(DATA EXCERPT Opens)

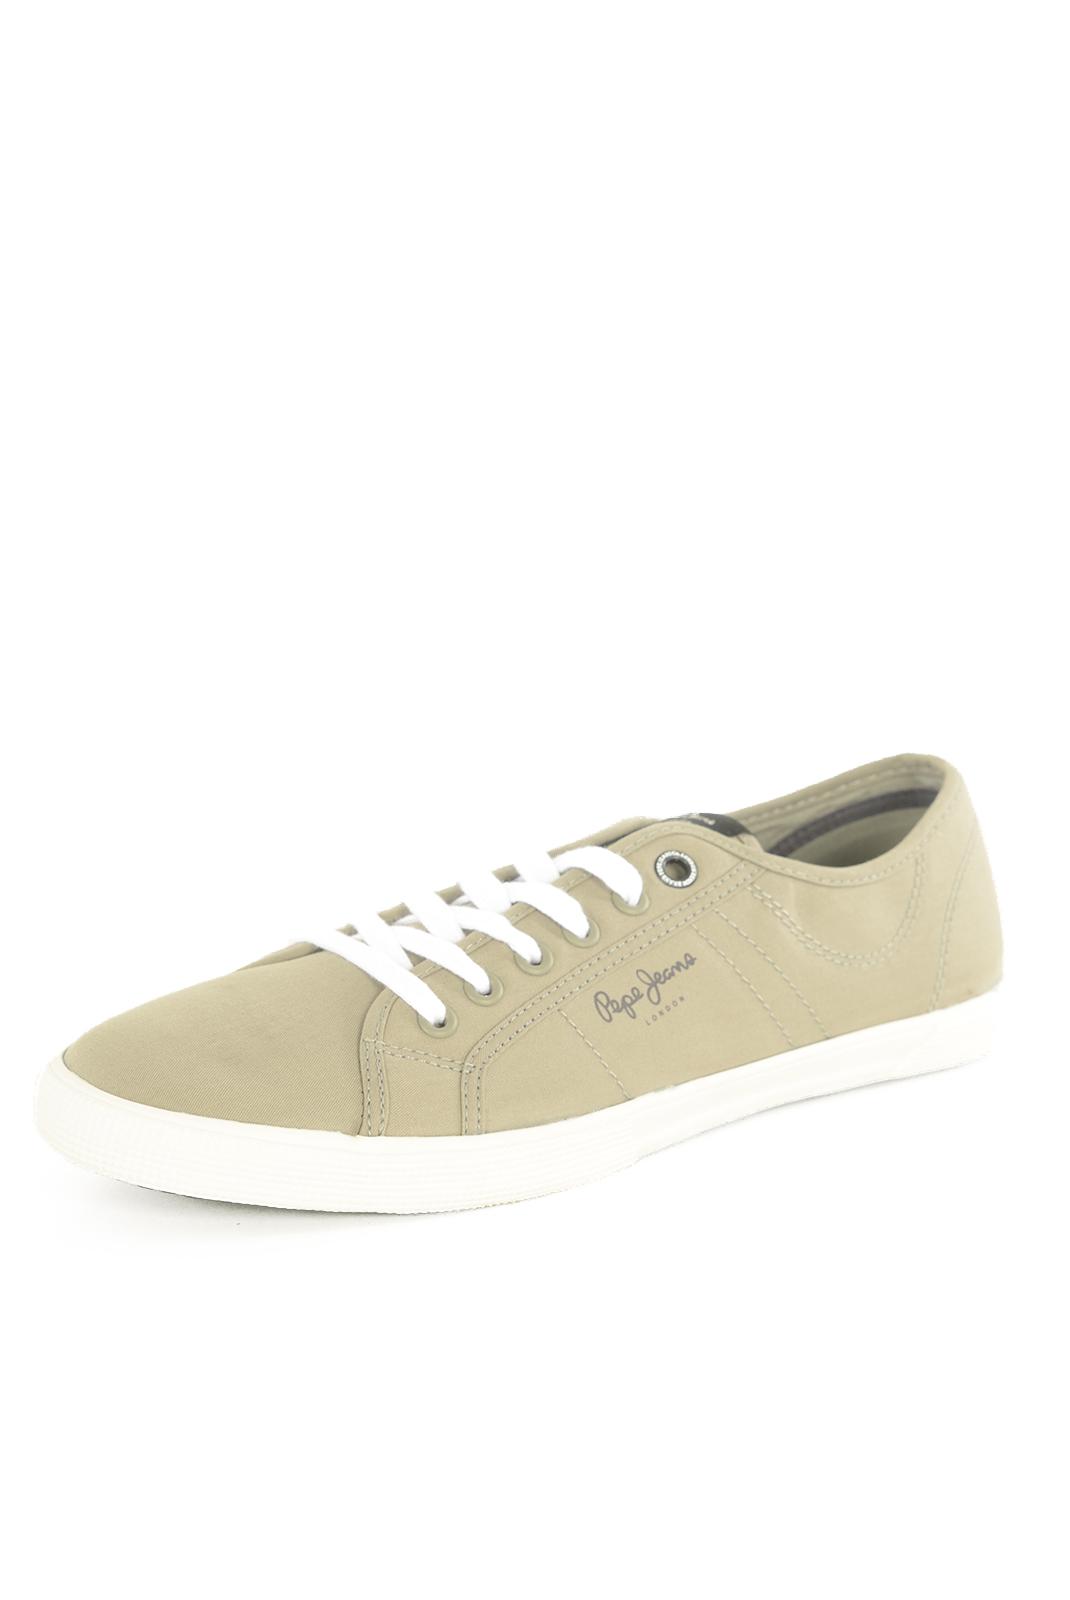 Baskets / Sport  Pepe jeans PMS30352 ABERMAN 2.1 915 POP LT GREY
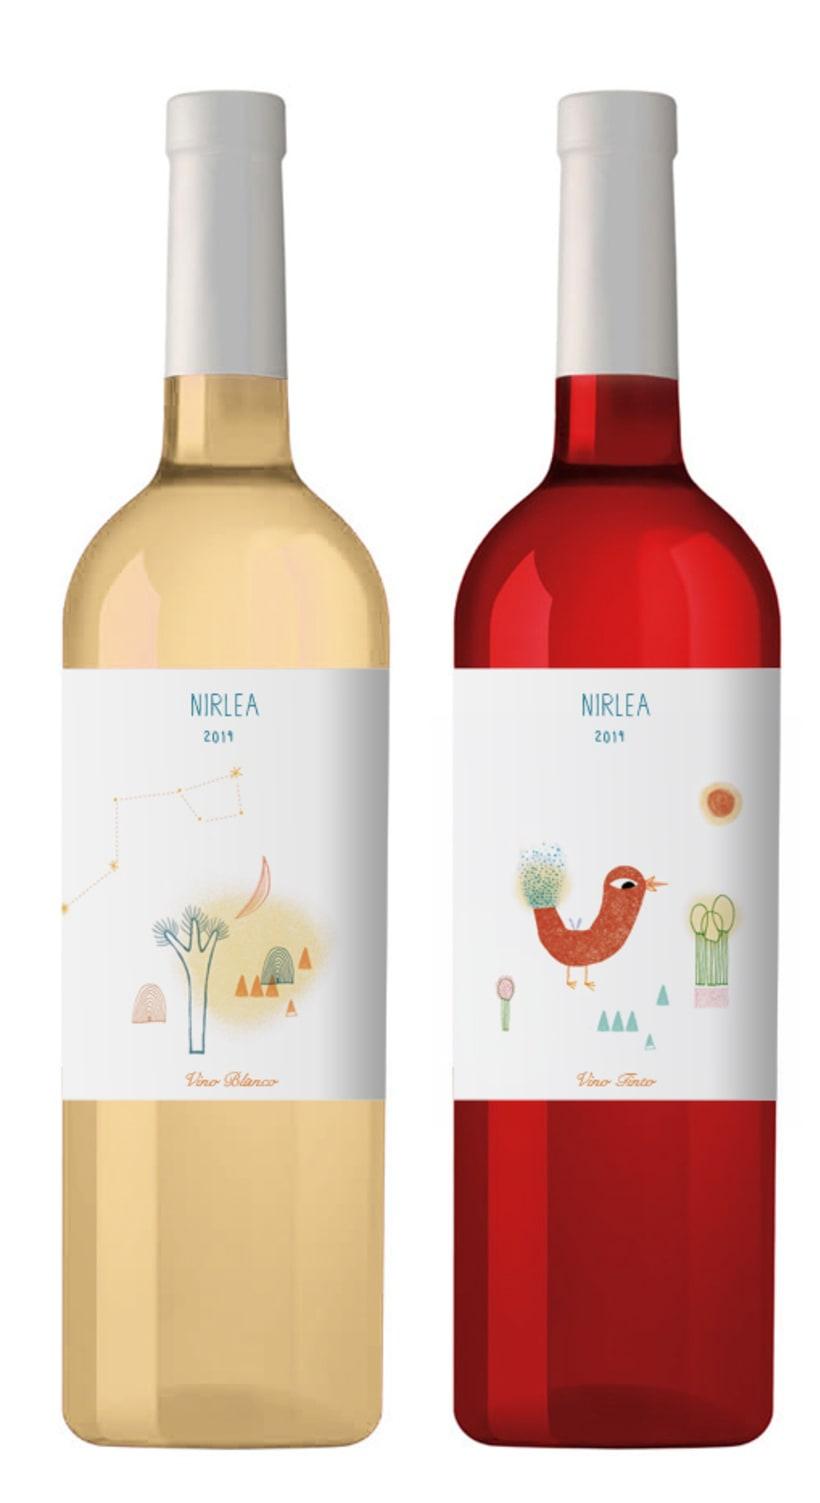 NIRLEA (Wine Label) 2
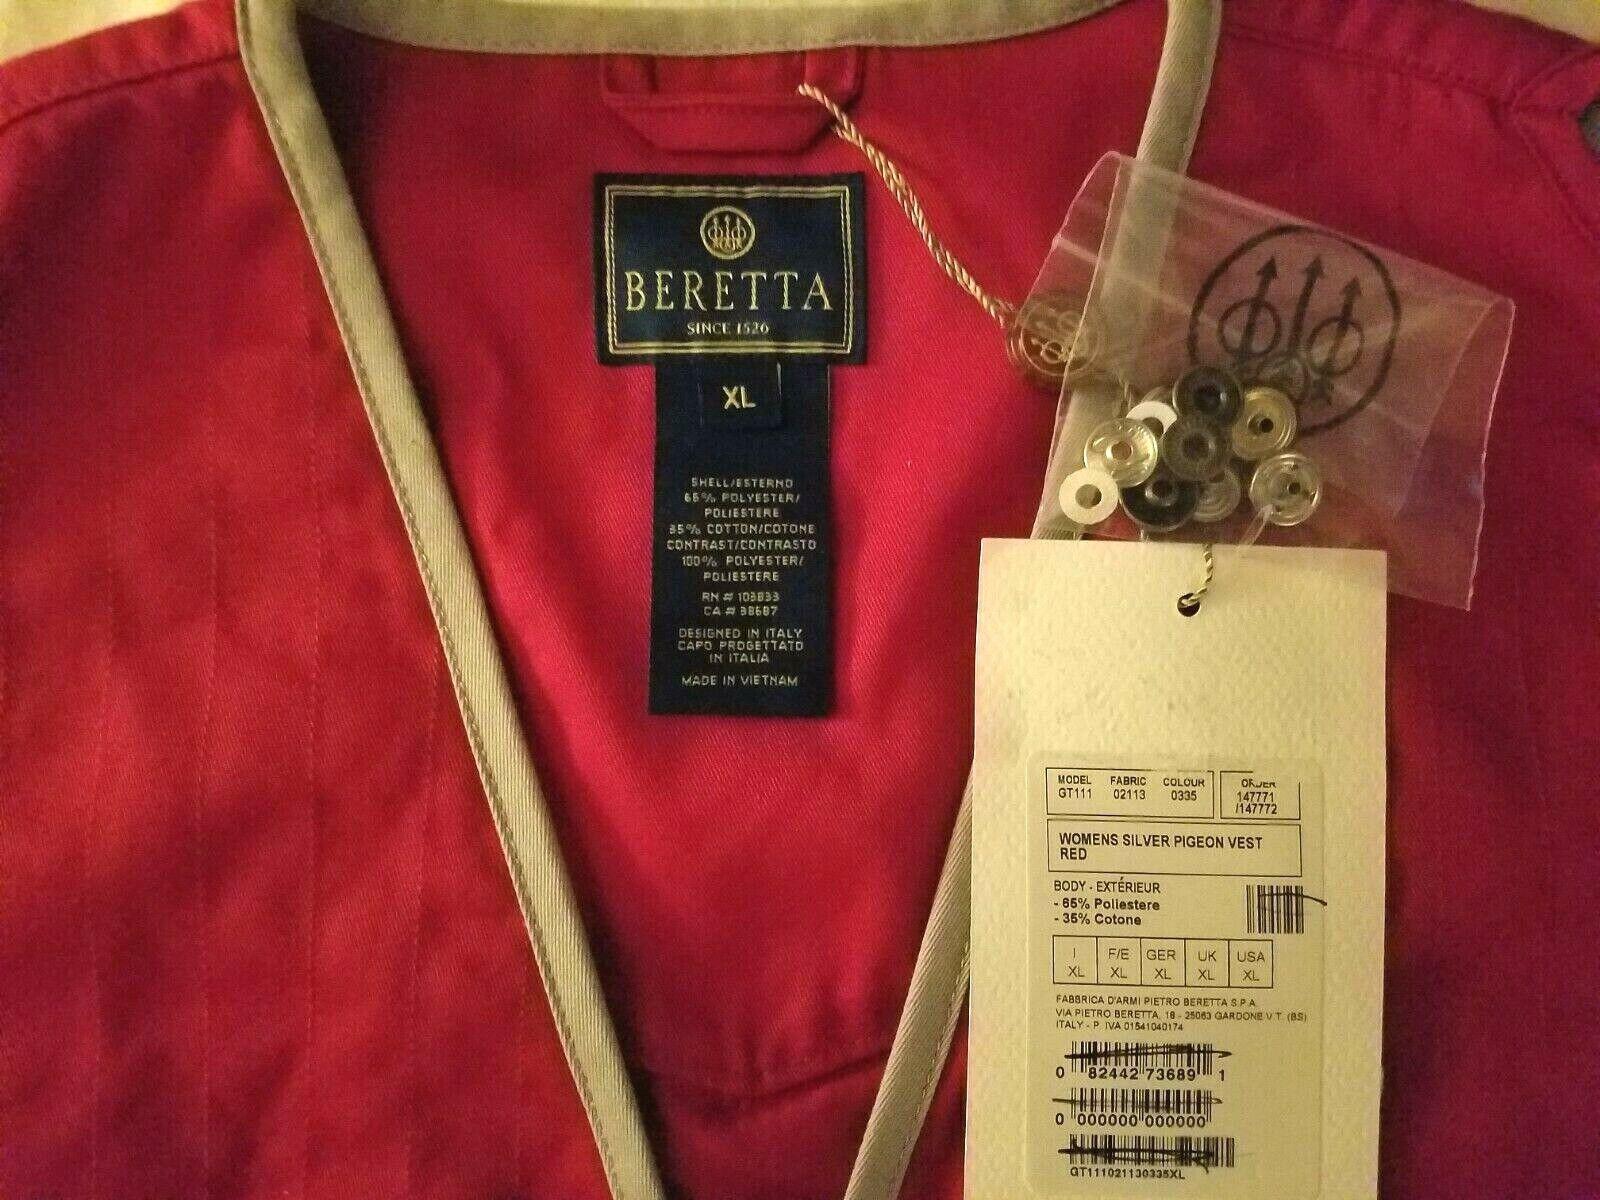 Free Ship Choose Size Beretta Women/'s Vest Silver Pigeon Vest Red GT111-0335

(DATA EXCERPT Closes)

Set down all of the material above exactly as written, leaving the pictures out.

 Baskets / Sport  Pepe jeans PMS30352 ABERMAN 2.1 915 POP LT GREY
 NIRLEA (Wine Label) 2
 Free Ship Choose Size Beretta Women/'s Vest Silver Pigeon Vest Red GT111-0335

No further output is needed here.